Christmas is a good time for prophets like my wife to step up and say “enough is enough”. I’m not exactly sure how it got to be like this. It’s almost like someone has been adding more and more things to Christmas in an attempt to confuse and distract us from it’s real meaning. So for all of the brave and daring prophets who would boldly stand against the tide of ‘more is more’ I have a verse. Every prophet needs a verse, so here it is:
“But you Bethlehem Ephrathah,
Don’t miss that first line: “But you Bethlehem, though you are LEAST.” The prophetic lesson from this verse that must be proclaimed to the uninformed masses is this: The truly important things of life are usually wrapped in simplicity. Less is more.
Bethlehem was a small and insignificant village on the outskirts of Jerusalem. It was so small and insignificant that in Joshua 15, after the conquest of the Promised Land, when all of the towns and villages of the province of Judah are listed, Bethlehem isn’t even mentioned. Maybe it didn’t even exist at the time. Maybe it was so small that it was really nothing more than a watering hole for animals or a rest stop for travelers.
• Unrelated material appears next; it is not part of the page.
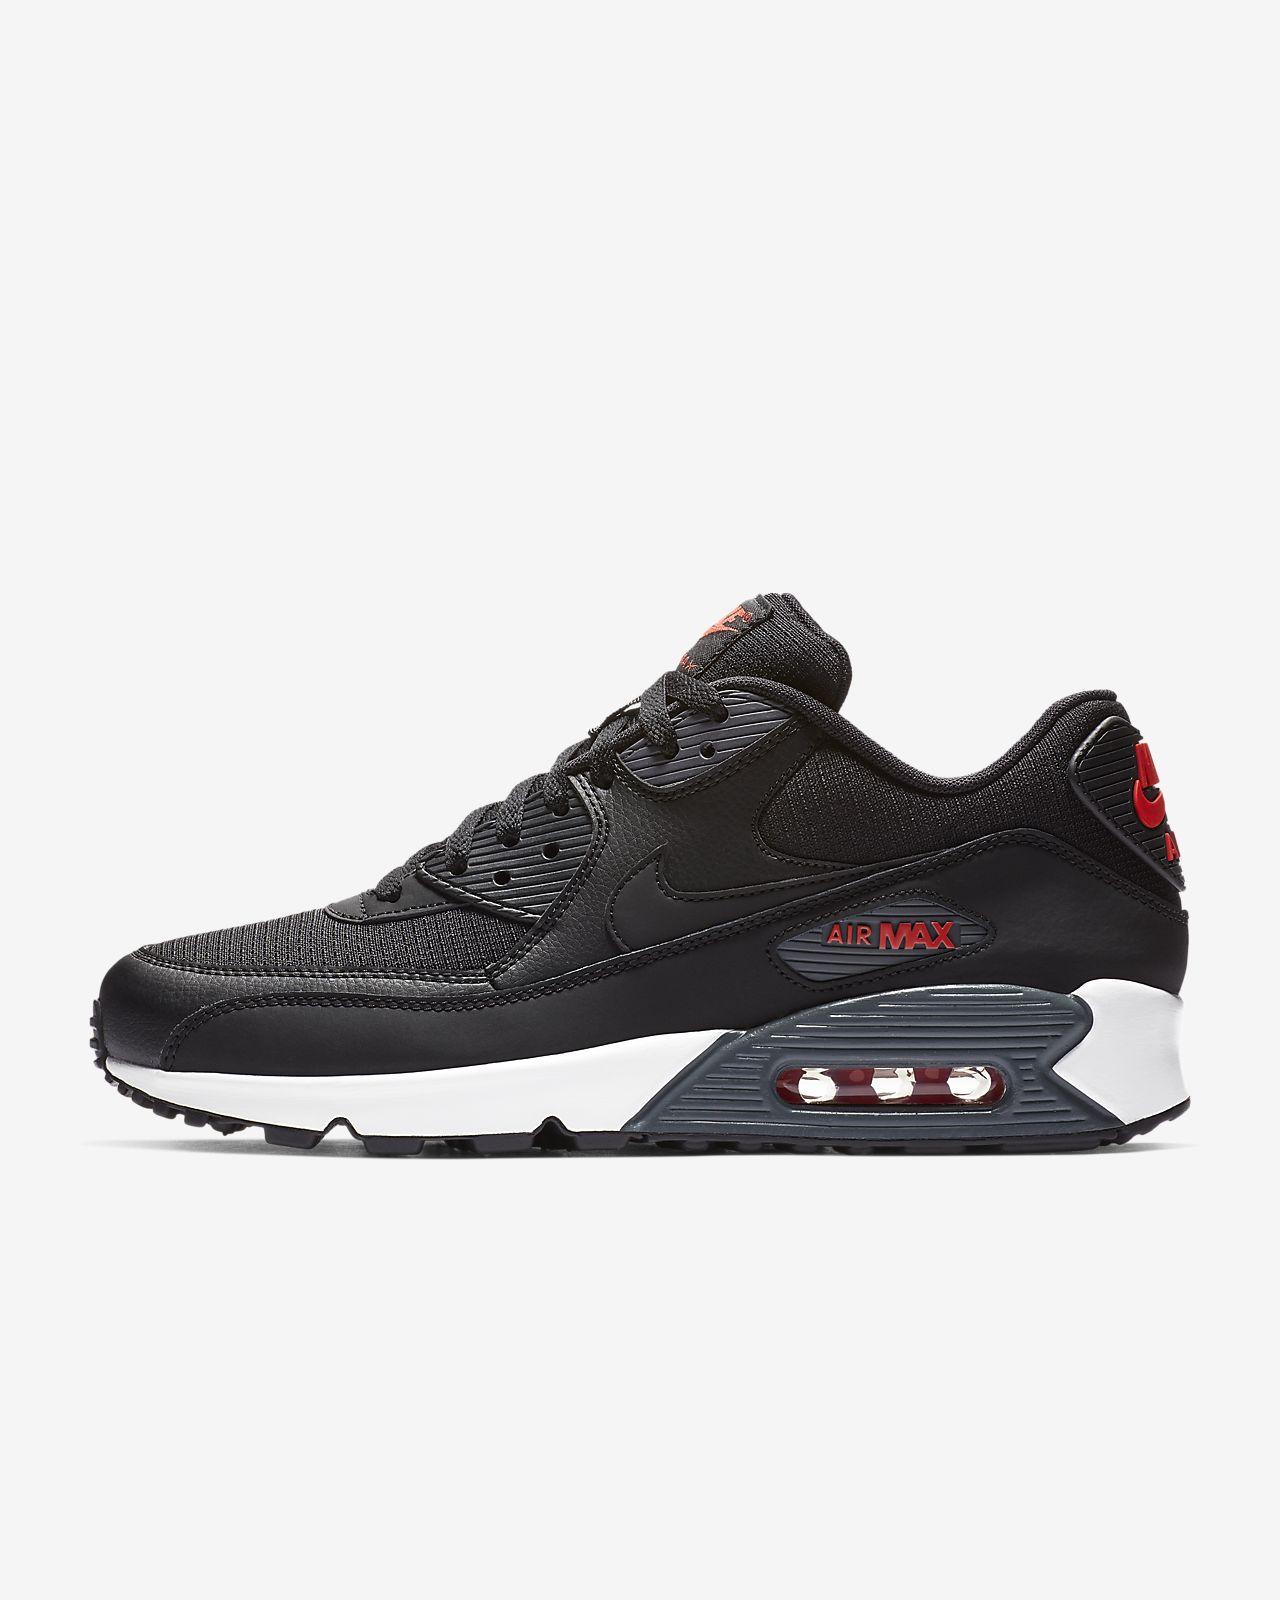 timeless design 10c11 790fc ... Sko Nike Air Max 90 SE för män
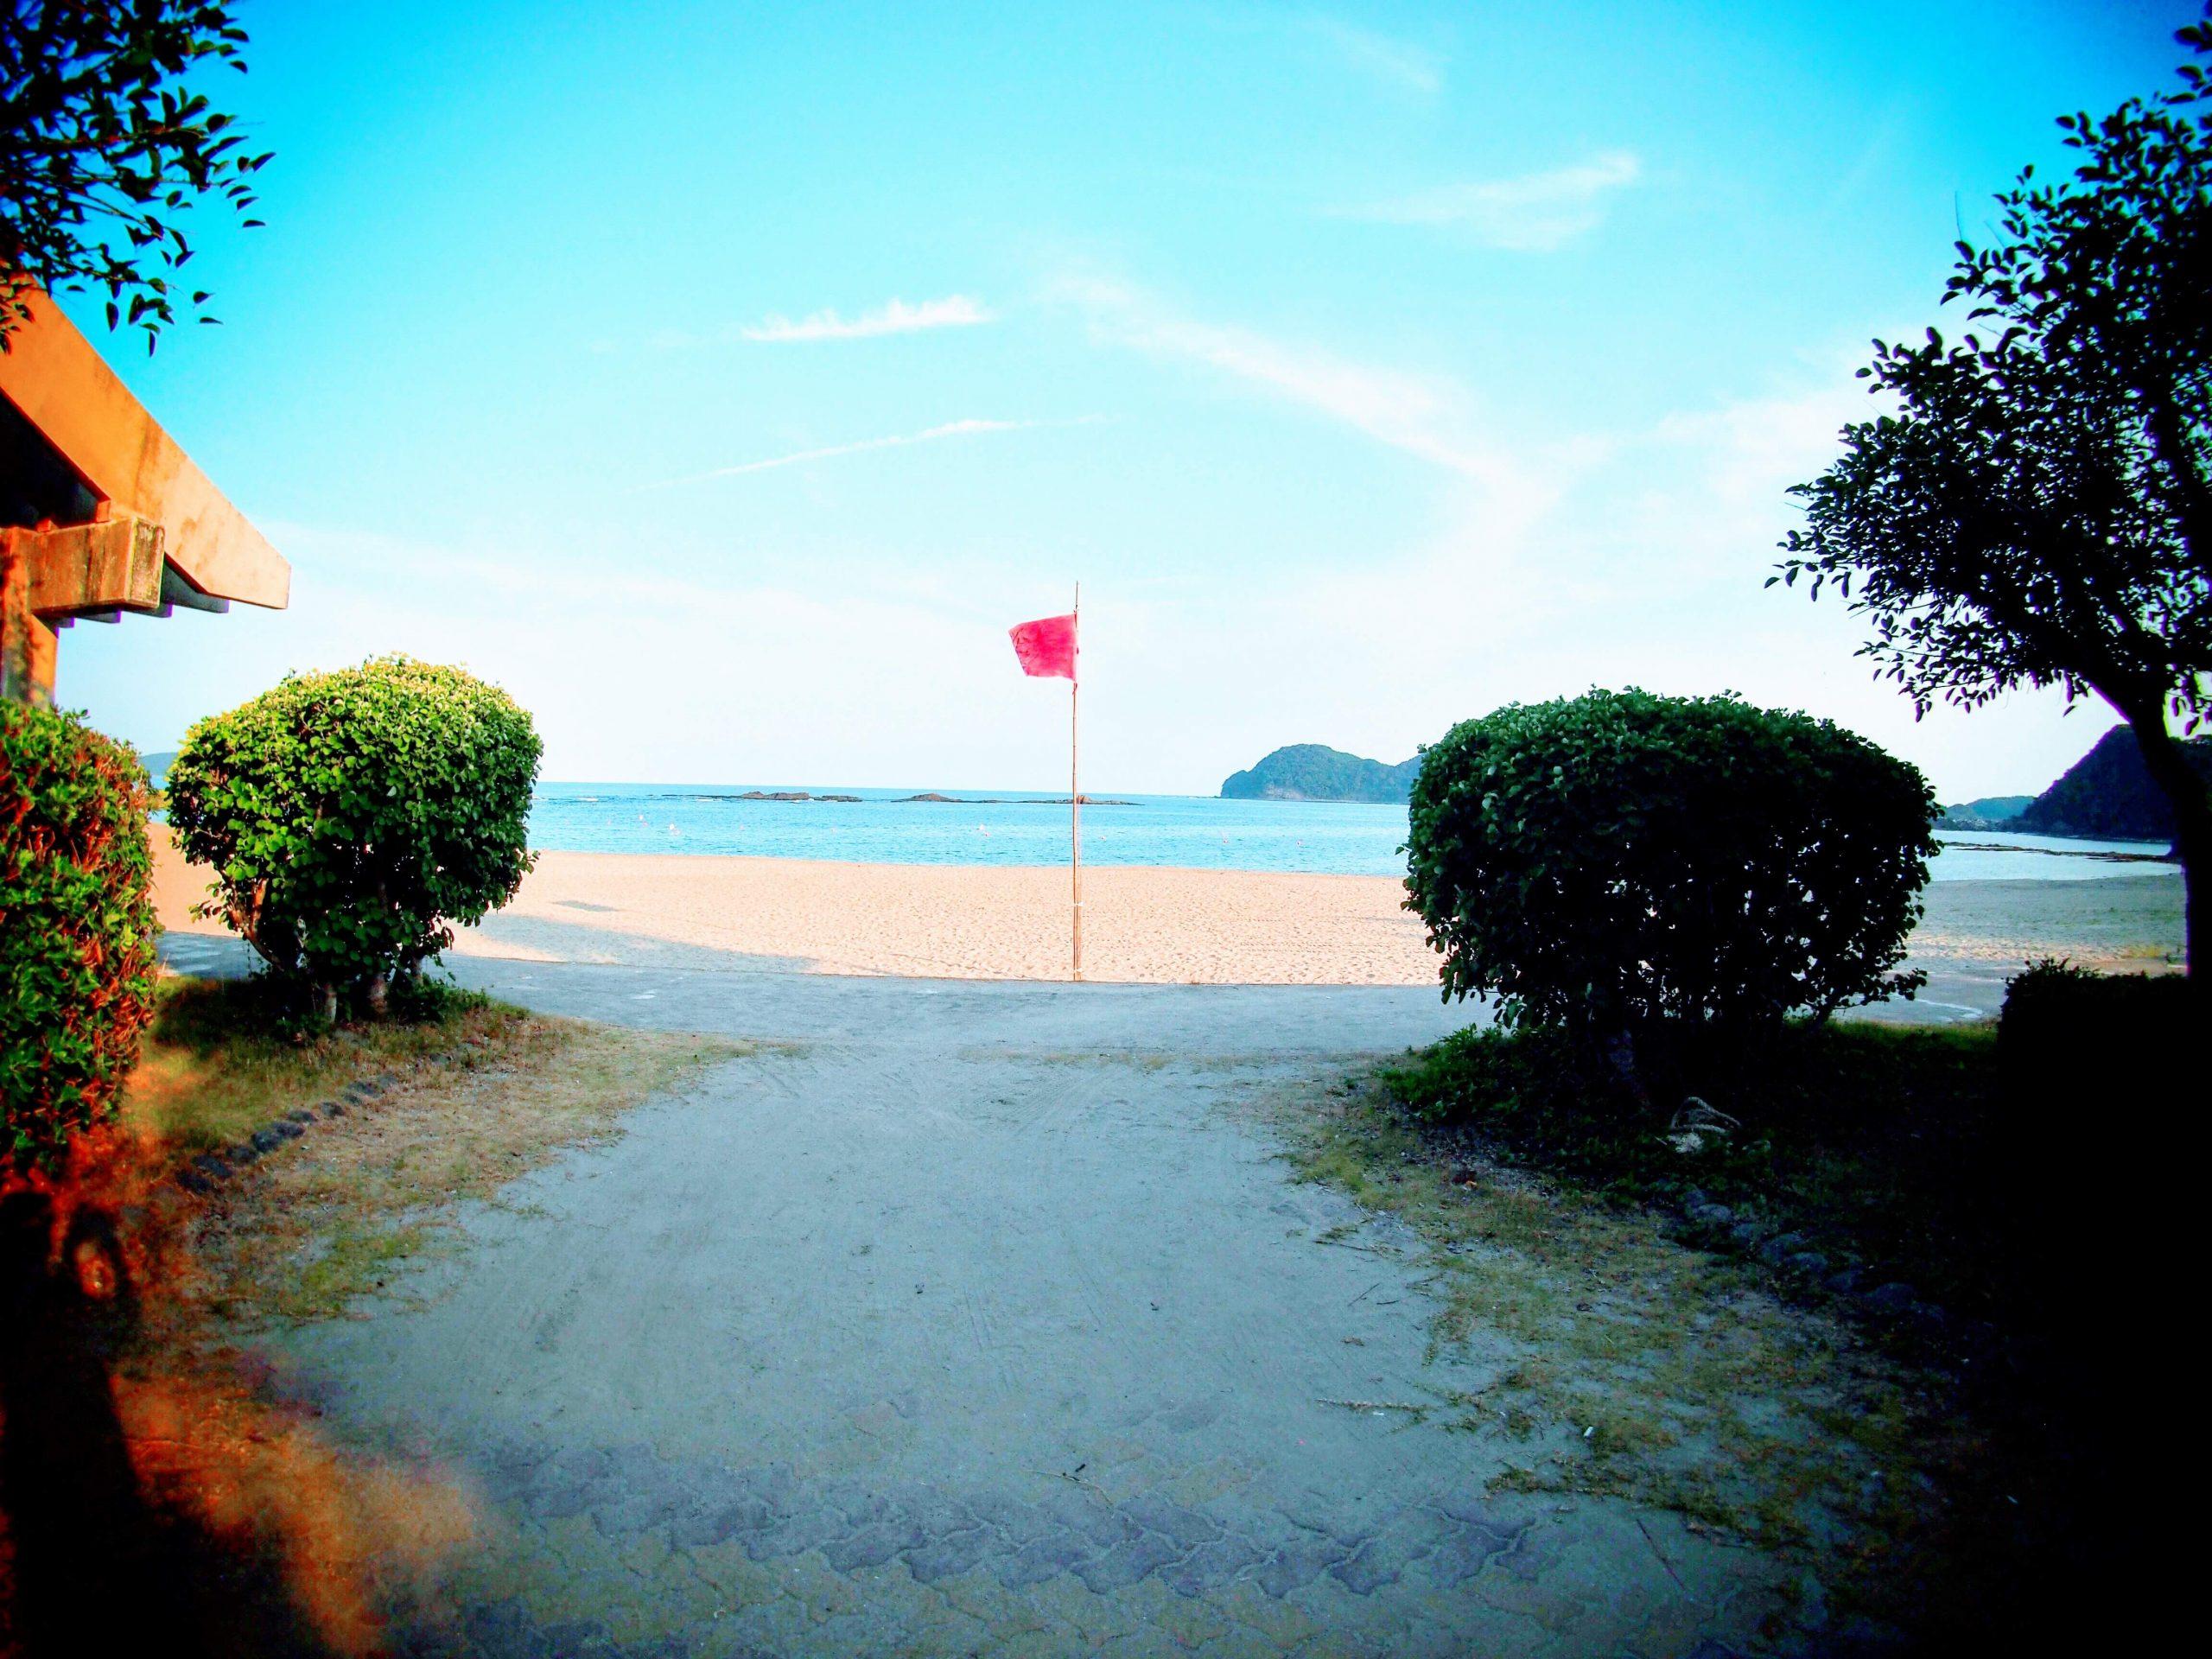 徳島県・大砂海岸に立つ旗

In fact in the Old Testament the only significant thing about Bethlehem was that David was born there. David, Israel’s greatest human king, comes out of this small and insignificant village. And then in the New Testament, Jesus the Messiah, the world's ultimate divine King, is also born in Bethlehem.
It seems like the things of God are often placed in sharp contrast with the things of this world. The things that God says are insignificant we tend to magnify. And the things that God says are of great and ultimate value we tend to minimize. The greatest things often do come wrapped in simplicity.
From God’s perspective, less is often a better representation of His truth and power.
• God has Gideon reduce his army from 32,000 men down to 300 and then says, “now you are ready to go against the Midianites in battle.”
• David defeats the Philistine giant Goliath with only a sling and 5 smooth stones, 4 of which he doesn’t even use.
• Paul comes to the point of realizing that God can use his own physical infirmity to actually make him a much stronger person.
• Jesus stands before a crowd of 5,000 with one little boy’s lunch and manages to use it to feed them all.
From God’s perspective less is often more. In fact from God’s perspective less is often preferable because God usually uses small and insignificant things to demonstrate His power. When we are seeking to live our lives around the concept of less we will be able to see our own deep need for Him more clearly. Simplifying our lives enables us to reduce things down to the bare essentials and be content with that.
Now, I’m not talking about giving away everything you have and living in a garage somewhere. What I’m talking about has more to do with your state of mind than with your state of wealth. You can simplify your life whether you are rich or poor, employed or unemployed, married or single, young or old, because simplicity begins as a condition of the heart. Only from that starting point can you go on to make choices about the condition of your life. James 4:10 tells us to, “Humble yourselves before the Lord and He will lift you up.” Here’s another verse you prophets can use to illustrate that in God’s eyes less is more.
So, are you moving toward less this Christmas or are you moving toward more. I encourage you to begin thinking more in terms of less. Think simpler. Try to shrink your view of Christmas down to what matters most. It’s not the shopping, or the decorations, or the eating, or cramming as many social events into the month as you can. It’s about a baby, who’s poor and insignificant parents travelled to a small and insignificant village so that God could come to earth in the simplest and lowliest of means. And so it is for our great and eternal blessing that at that time and in that place less really became so much more.